Pero de ahí a que nos conformemos o resignemos hay un trecho. Porque durante los últimos quince años venimos asistiendo a una acusada deriva de nuestra función marcada por su progresiva erosión, desvirtuación y desprestigio. Que ello sea el signo de los tiempos no obsta a que no estemos acertando a dar una respuesta adecuada, ni frente a los poderes públicos, ni frente a otros colectivos profesionales y agentes económicos, ni a nuestras propias disfunciones y problemas internos. Nos limitamos a fiarlo todo a una obsequiosa colaboración con la Administración en las más variopintas tareas y a alimentar nuestras bases de datos.
Pues bien, sin que ello suponga alinearme con ese senecto y respetado compañero, y sin que se entienda que la permanencia de nuestros problemas es la prueba de su inocuidad, lo que en absoluto pretendo, quiero hablar aquí de un libro que ha caído en mis manos hace unos días. Se trata de El Problema Profesional en la Nueva España, del notario Luis Gómez-Morán. El libro está editado en 1938, en plena Guerra Civil («¿Se puede en estos momentos históricos entretener tu atención, absorta y en suspenso por las cuestiones guerreras, con problemas de índole tan secundaria como los que me propongo plantearte?»), y examina los problemas del notariado de la época, los años veinte y treinta, en que había venido ejerciendo el autor.

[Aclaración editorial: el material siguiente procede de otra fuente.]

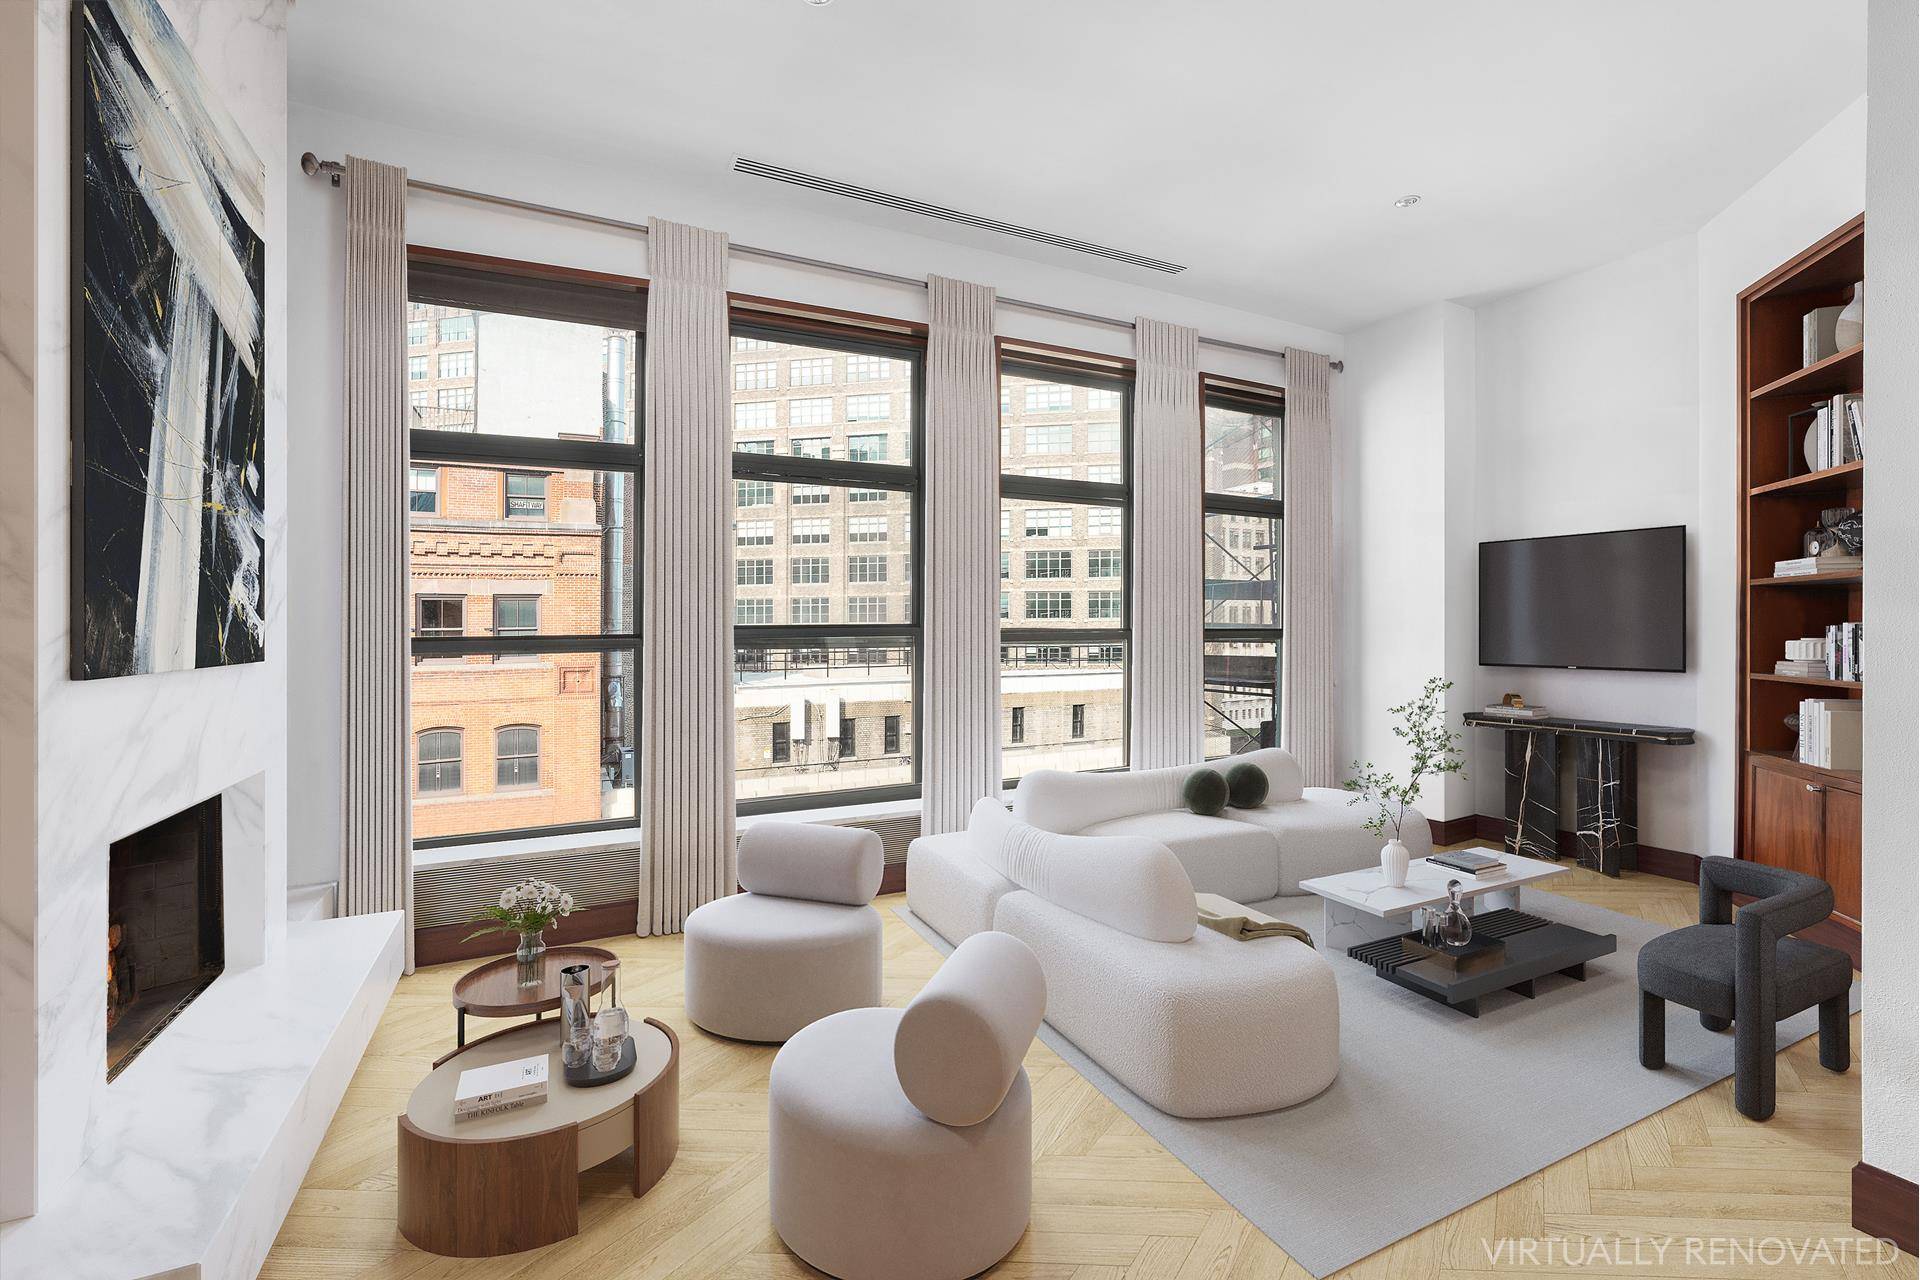 Welcome to 11 Vestry, where opulence meets sophistication in this exceptional three story Tribeca penthouse.

Gómez-Morán se ocupa de cuestiones muy diversas: de la oposición, prueba que considera dependiente en exceso del azar, los nervios y la memoria, y que propone sustituir por una carrera notarial posterior a la de derecho, en una escuela de estudios superiores; del entonces vigente sistema de congruas, jubilaciones y pensiones; de la presencia de testigos en los instrumentos públicos, cuya supresión reclama; de la necesaria reforma del arancel; o de los problemas que plantea la competencia entre notarios, respecto de lo que propone ampliar las bases del turno de reparto de documentos y los criterios de competencia territorial.

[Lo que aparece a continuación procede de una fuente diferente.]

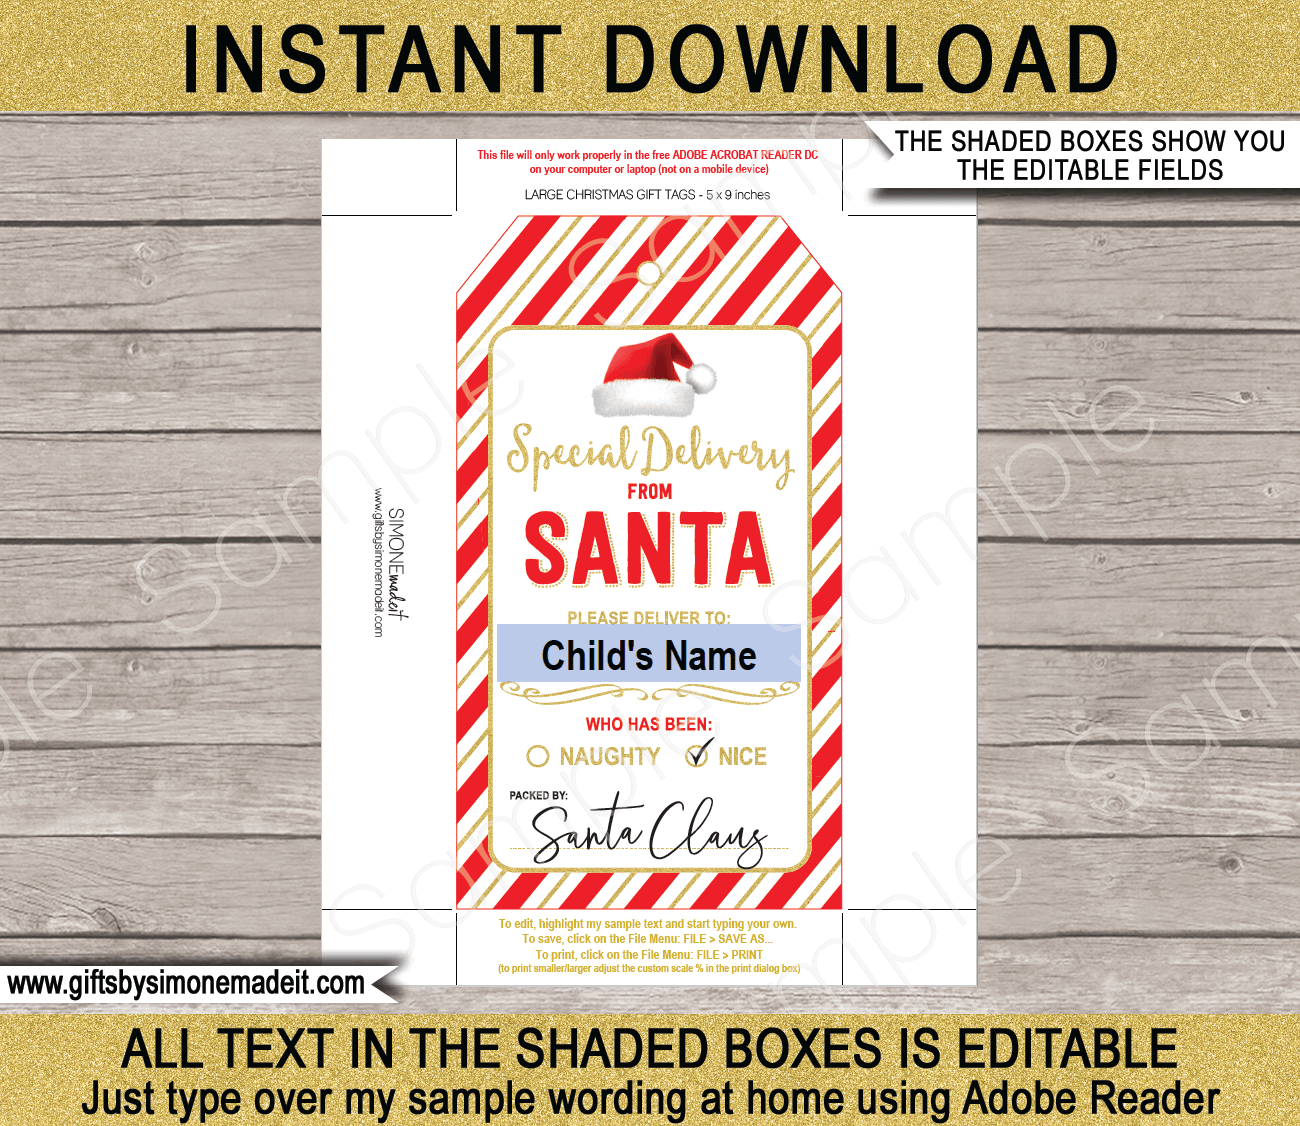 https://www.giftsbysimonemadeit.com/wp-content/uploads/2021/12/Christmas-Extra-Large-Gift-Tags-from-Santa-Printable-Template-RED-GOLD-editable-Name.png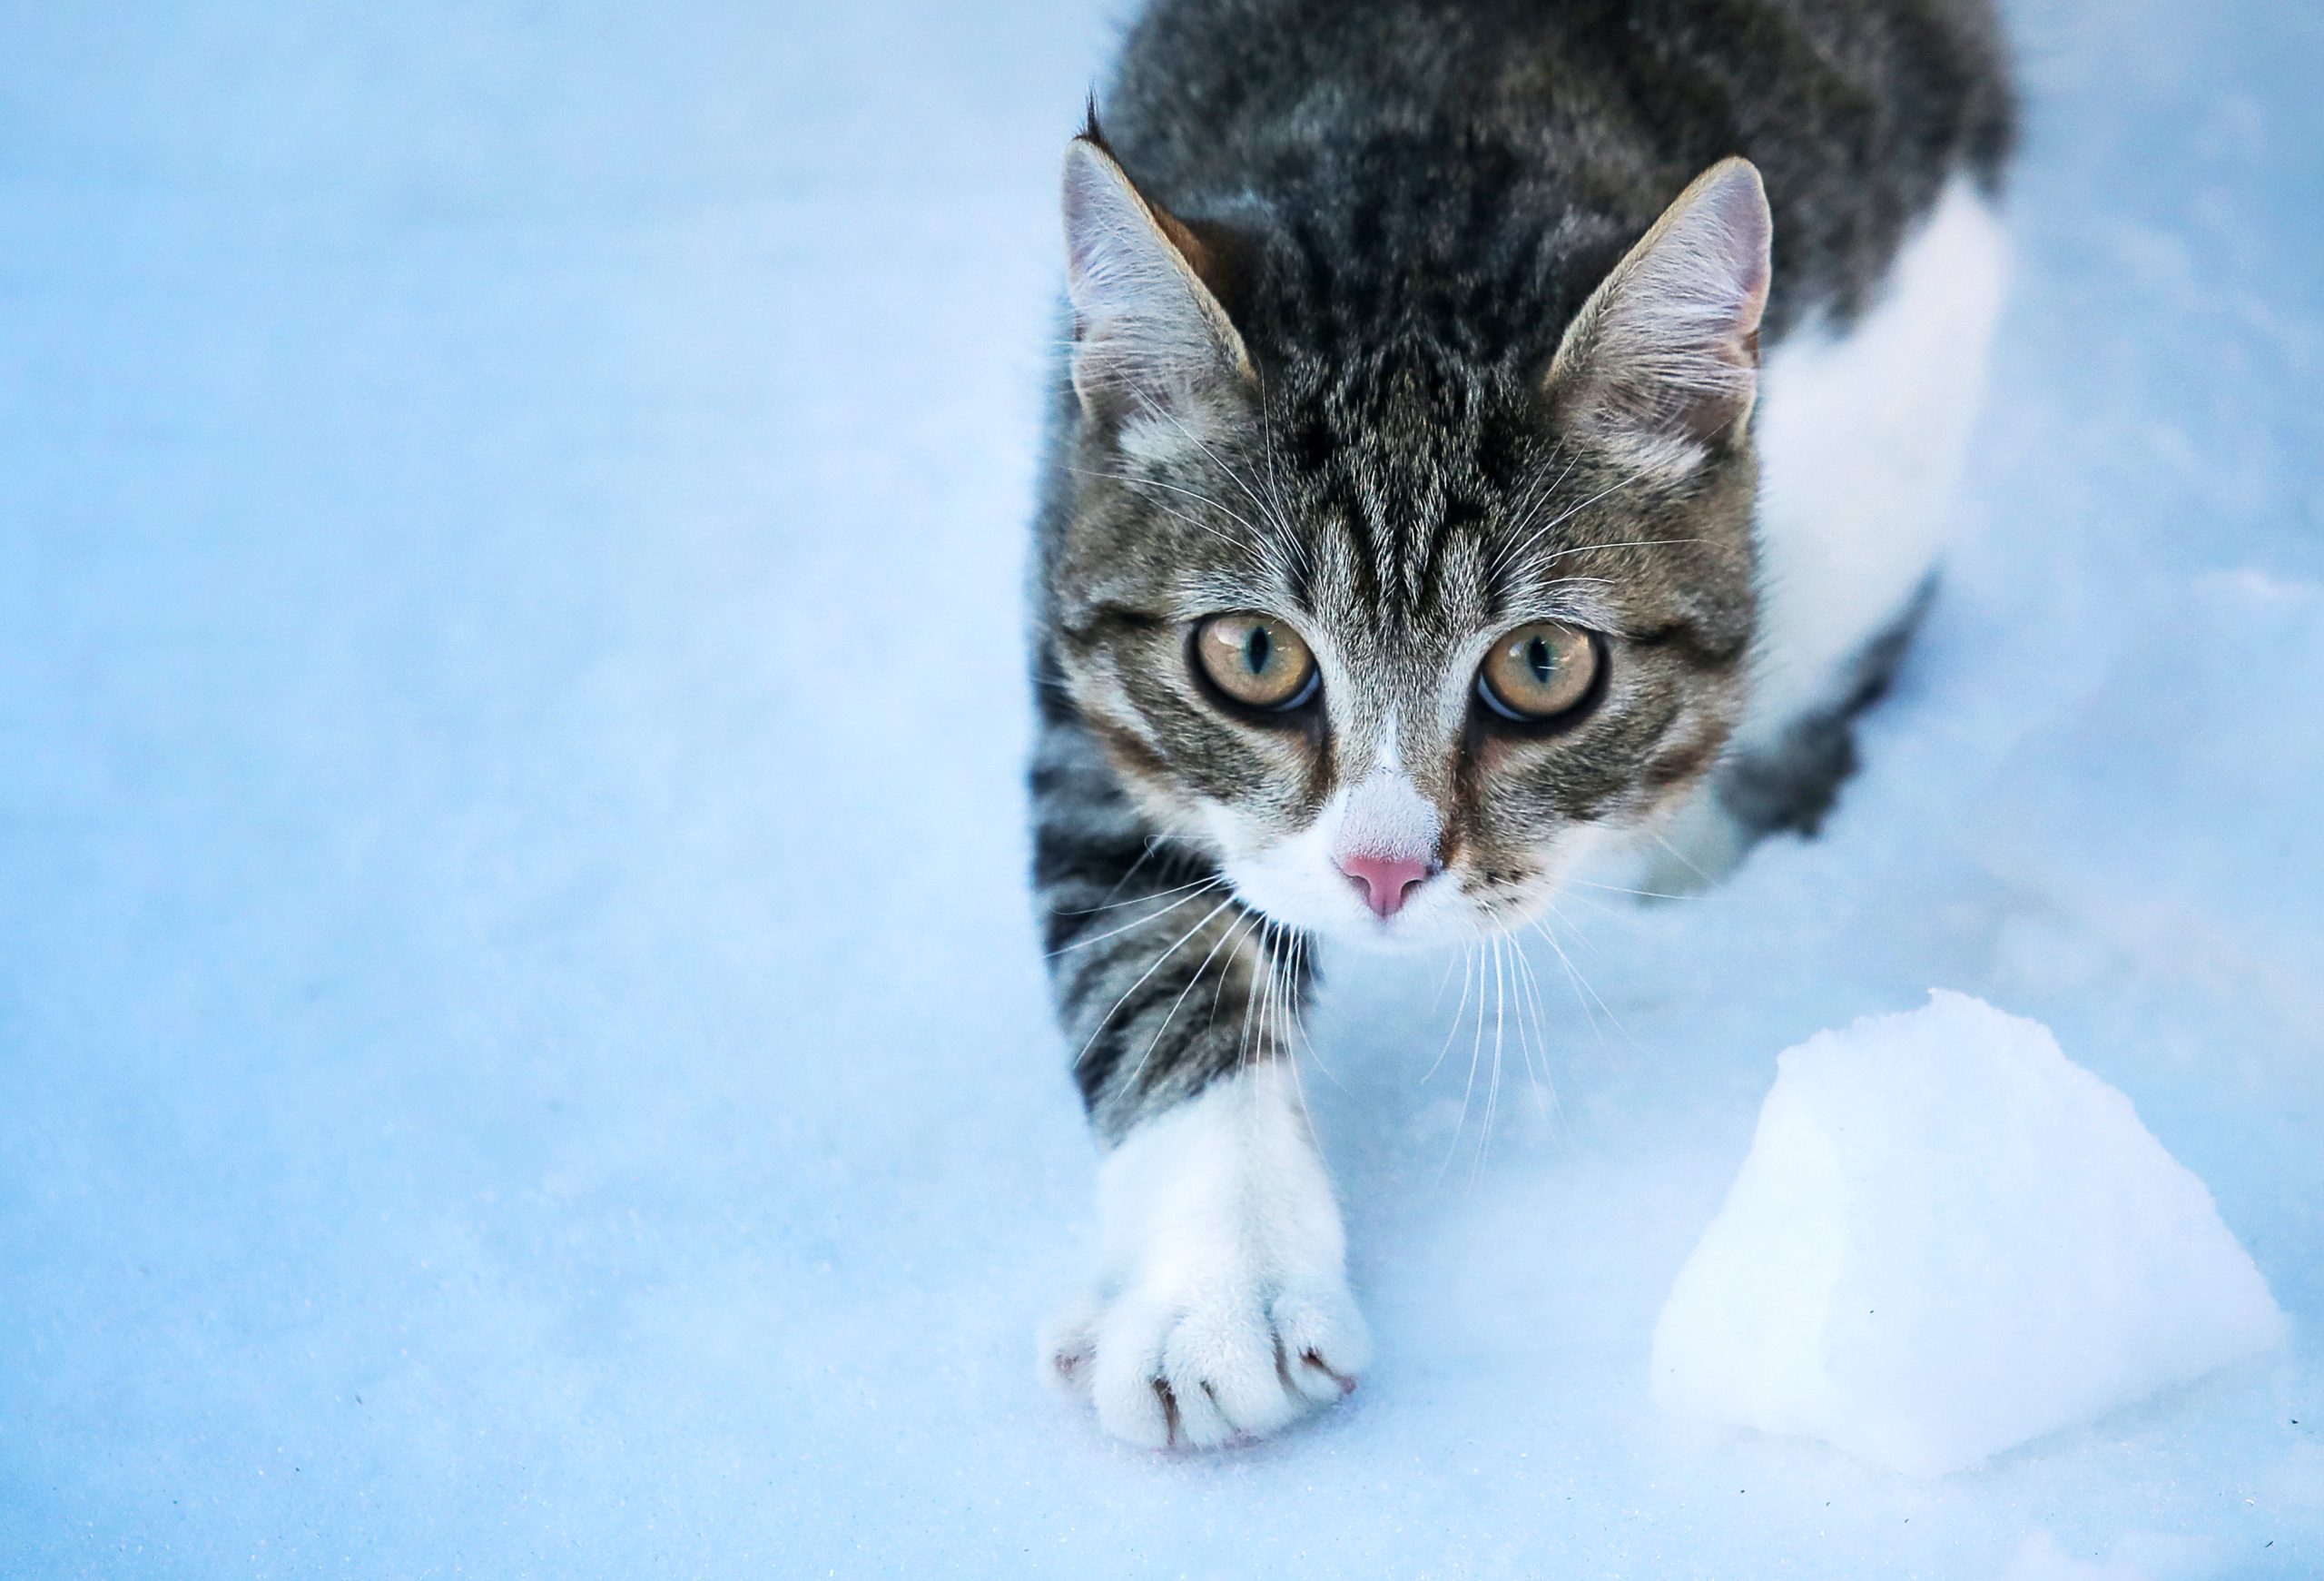 A tabby cat with white paws stalks on snowy ground.

Extraigo a continuación algunos pasajes del libro, cuya vigencia no deja de resultar llamativa.
«Artículos insertos en revistas profesionales; asambleas celebradas; comisiones constituidas; todo ello estéril hasta el momento actual, acredita un estado de impaciencia, de descontento y deseo de renovación dentro del notariado, que ha venido eludiéndose hasta el momento actual, pero que es imprescindible acometer y resolver para satisfacción interior de un cuerpo que siendo, quizás, uno de los más prestigiosos de nuestro Estado, amenaza con su descomposición si no se acude con rapidez de actuación y con energía de procedimientos a resolver los problemas que tiene pendientes».
«Porque debes saber que los temas que presento a tu consideración han sido ya muchas veces objeto de estudio, de meditación y hasta de forcejeo por parte del notariado, dividido en esta materia en dos tendencias difícilmente reconciliables: la del dolce far niente, que se deja mecer lánguidamente por la comodidad del no hacer nada y no preocuparse por nada; y la de (aquellos con) ansias, siempre renovadas, de lograr una organización más justa».
«La retribución equitativa del notariado exige, necesariamente, una revisión del Arancel o tarifas vigentes. Con sólo recordar que el Arancel tiene fecha de 6 de septiembre de 1885, esta fecha proclama que debió constituir un acto de prodigalidad del legislador de aquel entonces, o necesariamente tiene que ser inadaptable al encarecimiento de la vida en la época actual» (citando la conferencia pronunciada por Mateo Azpeitia en el Colegio Notarial de Burgos en 1930).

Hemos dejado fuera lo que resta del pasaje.